Пошёл и увидел дикий хаос, буйное кипение бесчисленных, мелких и крупных, совершенно непримиримых противоречий; в массе своей они создавали чудовищную трагикомедию, — роль главной героини в ней играла жадность собственника.
«Трагикомедия» — не описка, так и читать: трагикомедия. Трагедия — это слишком высоко для мира, где почти все «страдания» возникают в борьбе за право собственности на человека, на вещи и где под лозунгом «борьбы за свободу» часто борются за расширение «права» эксплуатации чужого труда. Мещанин, даже когда он «скупой рыцарь», всё-таки не трагичен, ибо страсть к монете, к золоту — уродлива и смешна. Вообще в старом, мещанском мире смешного столько же, сколько мрачного. Плюшкин и отец Гранде Бальзака — нимало не трагичны, они только отвратительны. Я не вижу — чем, кроме количества творимого зла, отличается Плюшкин от мещан-миллионеров, неизлечимо больных страстью к наживе. Трагедия совершенно исключает пошлость, неизбежно присущую мелким, мещанским драмам, которые так обильно пачкают жизнь. Когда в зоологическом парке дерутся обезьяны — разве это трагедия? Мы только что вступаем в эпоху подлинных, глубочайших и небывалых трагедий, их творят не Эсхилы, Софоклы, Эврипиды и Шекспиры, а новый герой истории — пролетариат всех стран в лице его авангарда, рабочего класса Союза Советов; пролетариат, который дорос до сознания необходимости уничтожить основную причину всего зла и горя жизни — частную собственность, дорос до сознания необходимости вырваться из тяжёлого, позорного плена капиталистов.

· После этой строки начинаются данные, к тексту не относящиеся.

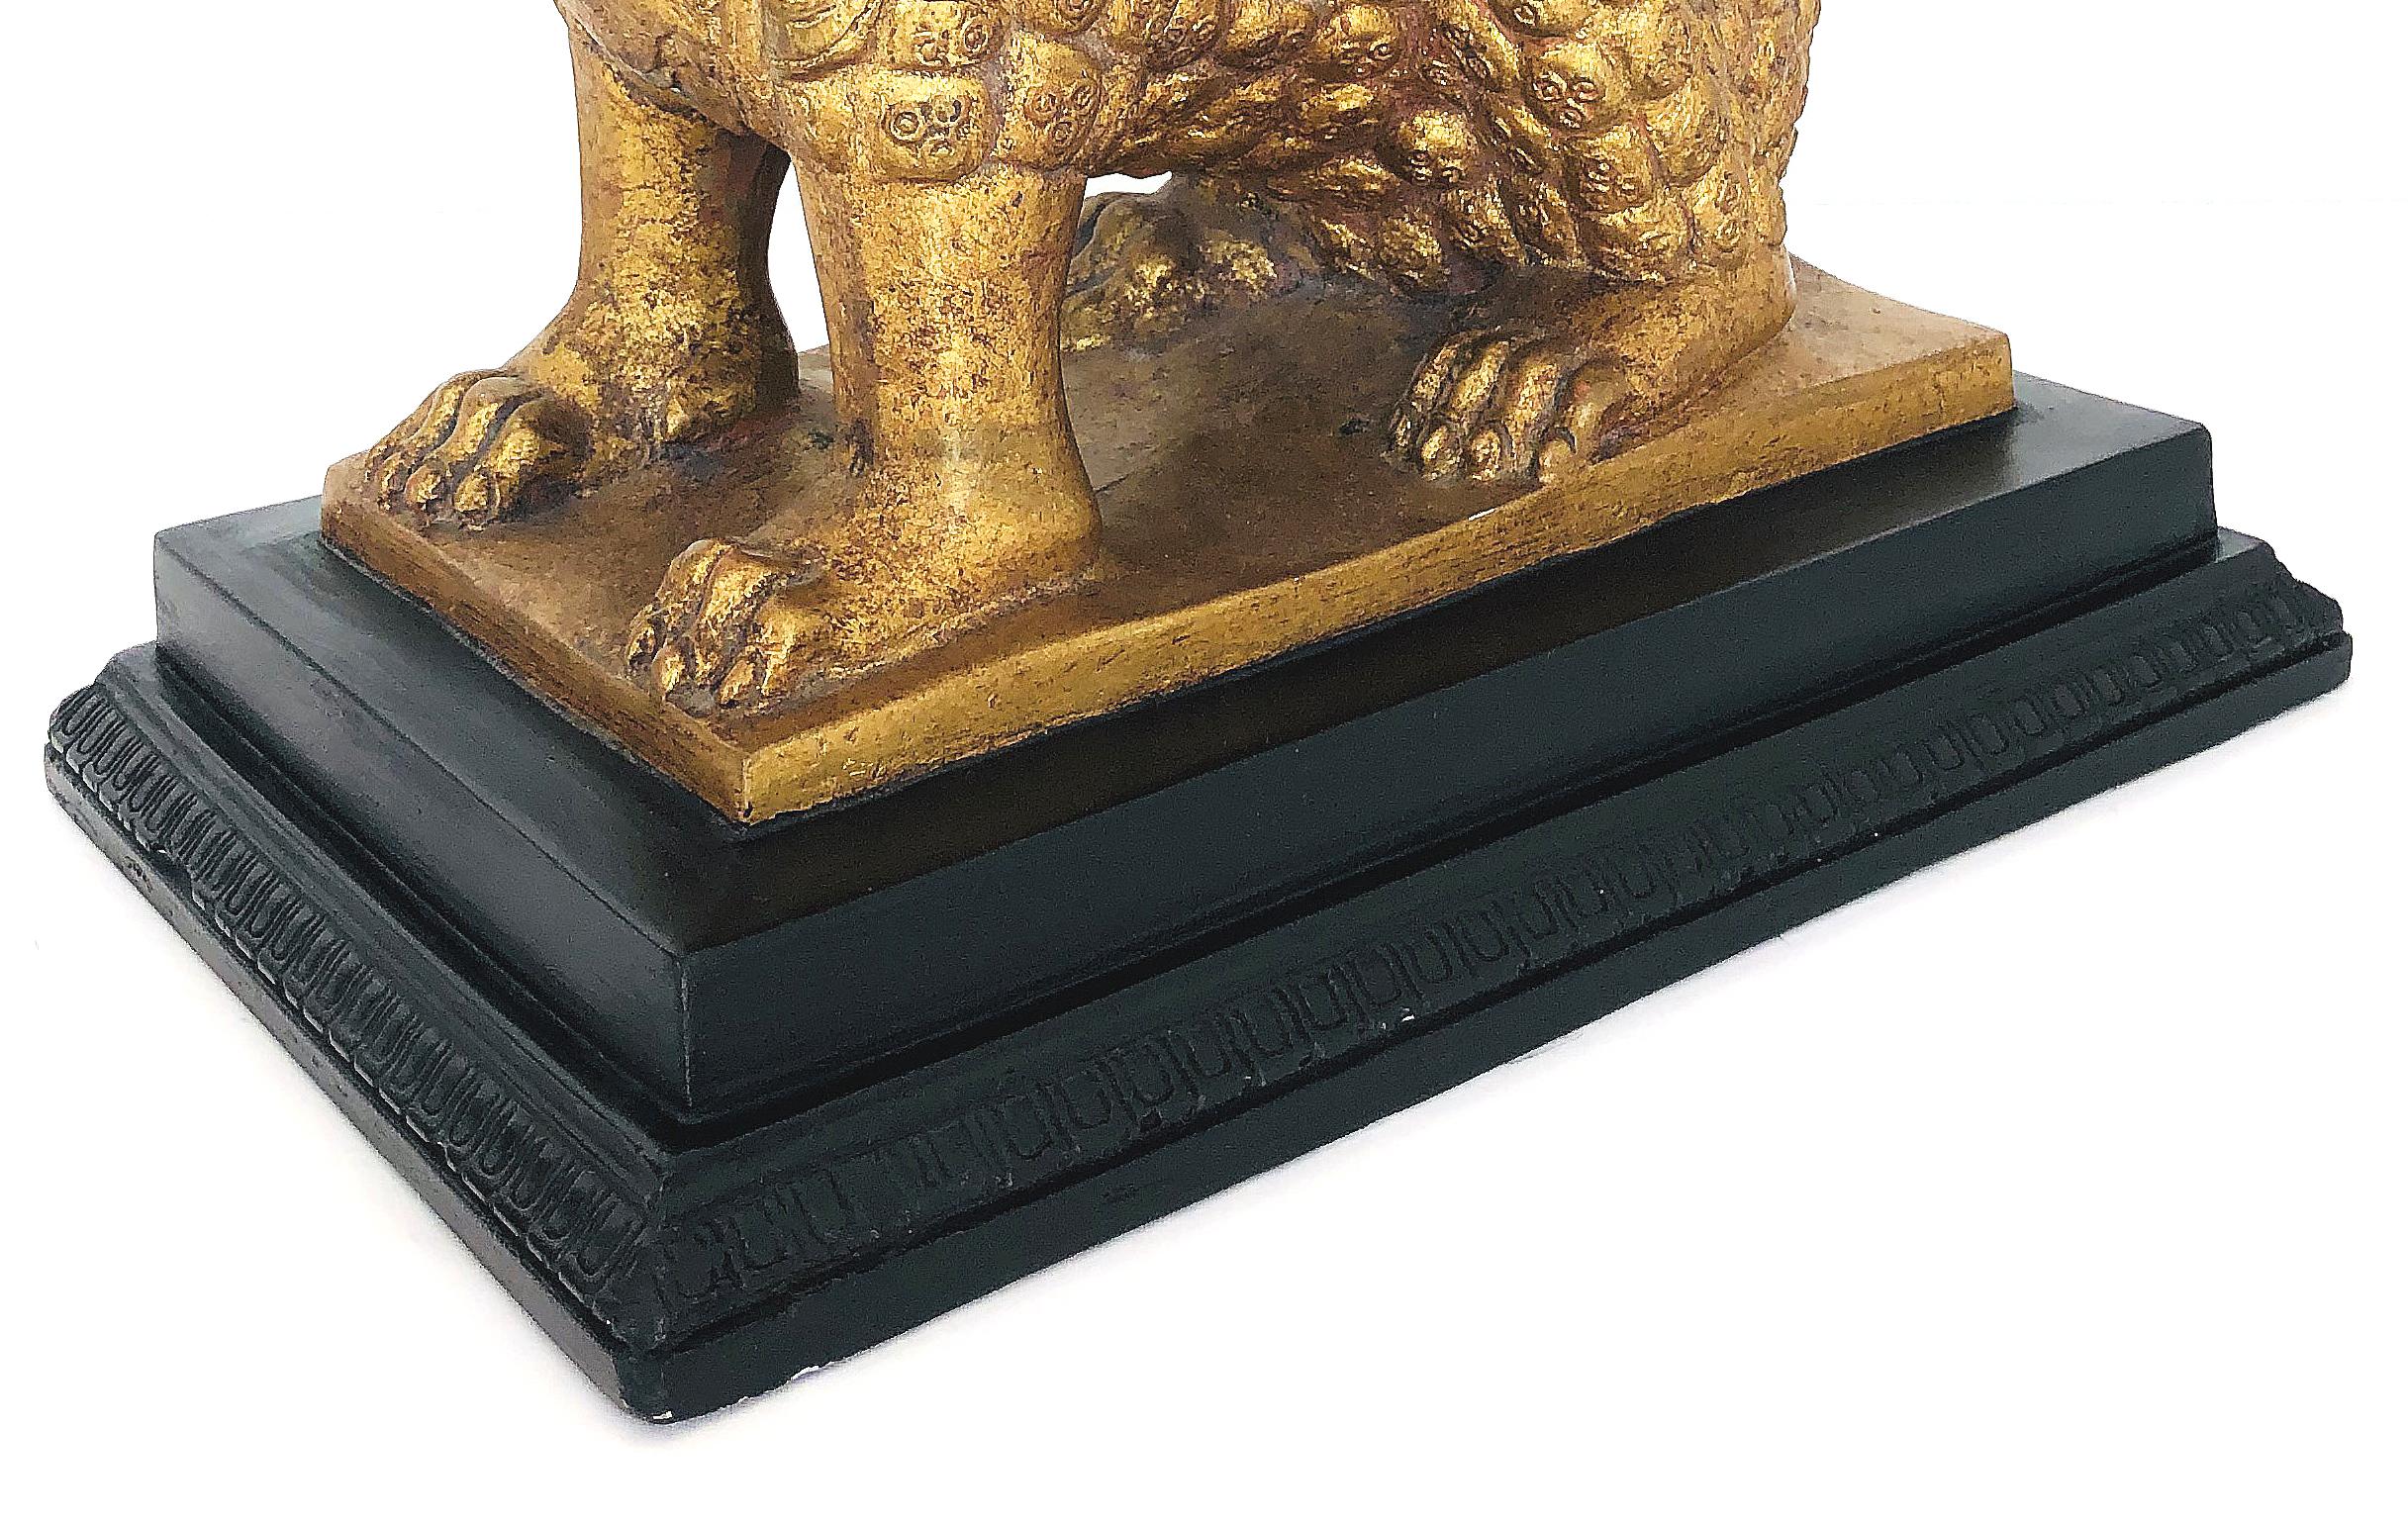 Wood 1950s Gilt Pottery Foo Dog Lamp, after Tony Duquette

Само собою ясно, что я «забежал вперёд» и что хотя ненависть к драмам и страданиям мещанского мира зародилась у меня ещё в юности, но, разумеется, оформилась она гораздо позднее и оформлялась медленно по причине моего недоверия к словам. Слишком обильное количество людей, слова которых не совпадали с делом, видел я, а в то время, о котором я веду рассказ, мои «впечатления бытия», находясь в состоянии хаотическом, весьма мучительно отягощали меня, но я всё-таки не торопился уложить их в мешок той или иной догмы. О том, что противоречия жизни должны быть развиты до конца, — в то время говорили невнятно. Слова Владимира Ильича не увлекали меня и не помогали «разобраться в самом себе», я стал более или менее понимать Ленина после того, как лично познакомился с ним и услыхал его речи на съезде в Лондоне. А за десяток лет до этого мне пришлось заниматься «самопознанием», что — кстати скажу — крайне трудно для человека «деклассированного», каким я был.